Rogue function blew through my 150,000 calls in little time

This is pertaining to my blog, https://frankstall.one aka https://frankstallone.netlify.app/. I received an email from Netlify telling me I was 50% on my invocation limits and thought nothing of it. My blog has had 70 visitors in the last 30 days (source: GA). I have a Like button that uses Astro db. It does a call when someone loads the page, and of course when someone clicks the Like button. Really simple functionality, the first SSR hybrid element I have added to an Astro site. It has been live for months without anywhere near the limits of invocations. Then, I received an email saying I was at 90%. At that point, I knew something was terribly wrong, and that I was probably already over the limit. By the time I got to the logs I could see I was over the limit.
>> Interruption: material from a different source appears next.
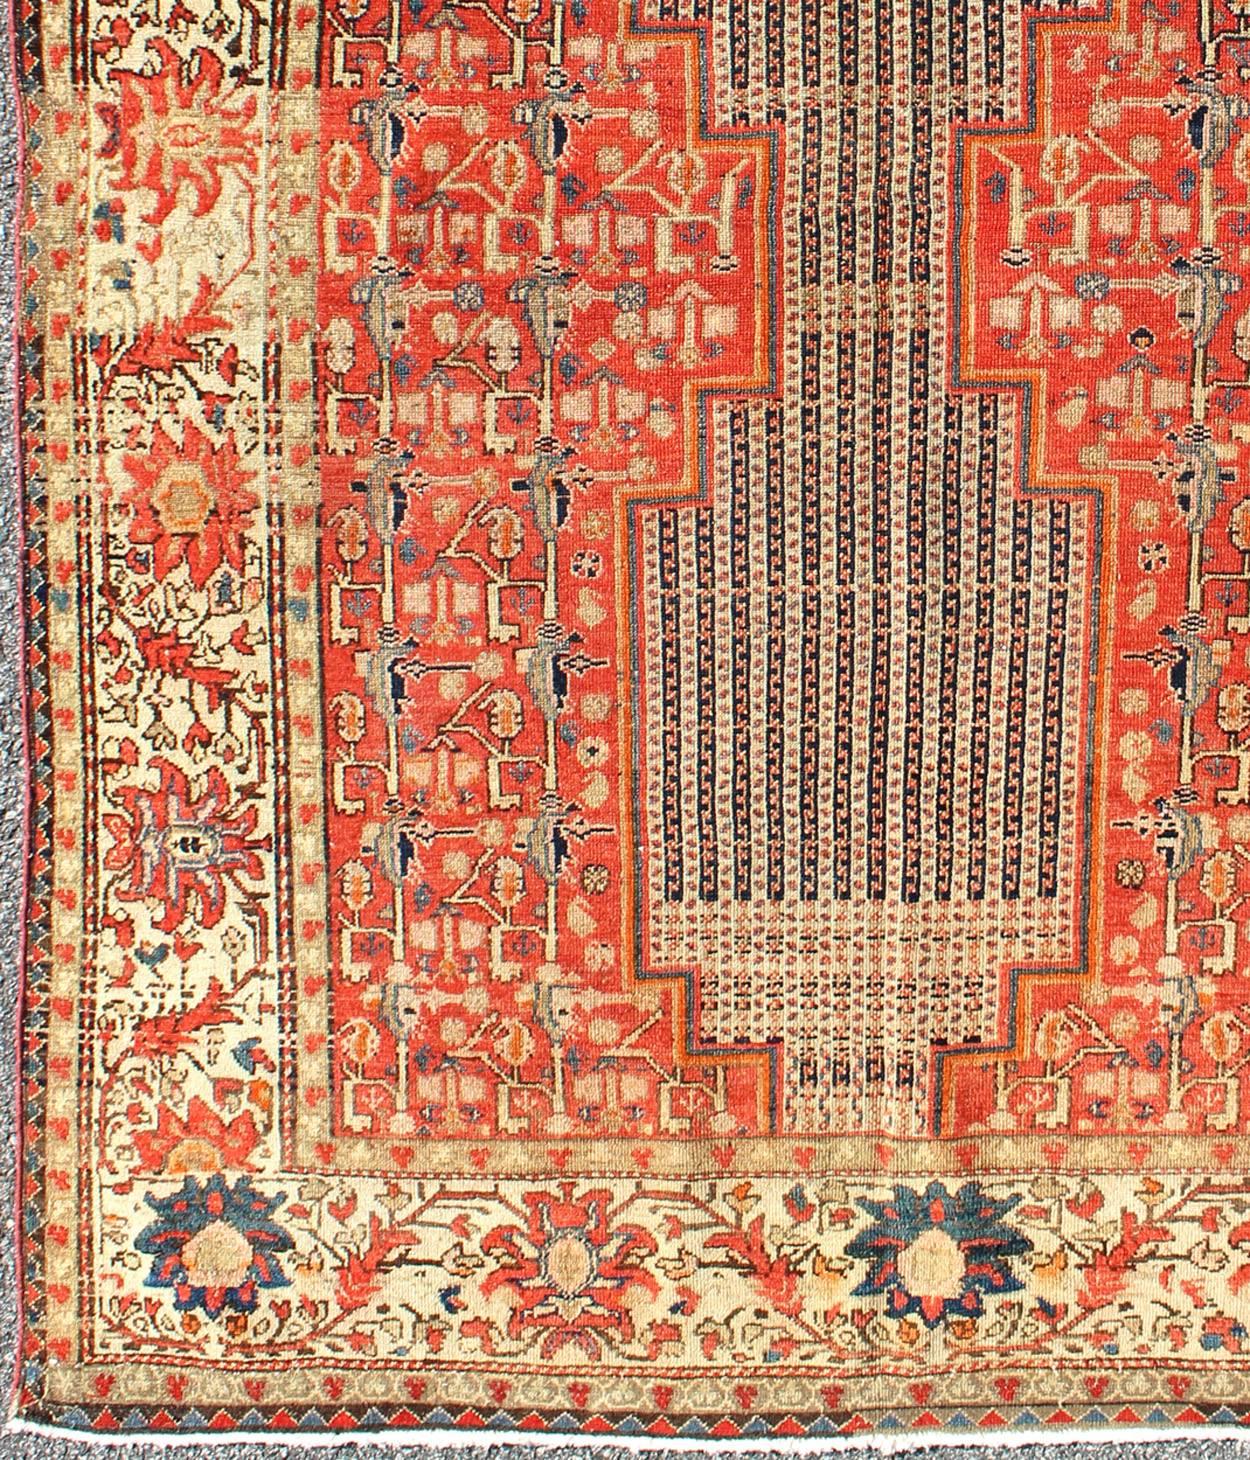 Mishan Malayer pieces are both rare and among the finest of Seneh and Malayer rugs. Made in the late 19th Century, this rug carries an unusual design of double-bodied medallions, which are composed of alternating pinstriped patterns. Designs of lush

I went over to the function logs and to my surprise, something was churning away eating up function calls. In a panic I removed the Like functionality completely, and turned the site back into a static site. Upon venturing back to the Logs > Function section I see nothing, now.

This is slightly concerning because I have no idea if I am going to be charged, and because I can’t go back more in time to see what happened. Not that I would be able to ascertain much from the logs, this is what they look like before I turned the site from hybrid to static, and it really gives me no information I can trace the calls to…

(See next post for screenshot since I am new and can only post one embedded media item per post)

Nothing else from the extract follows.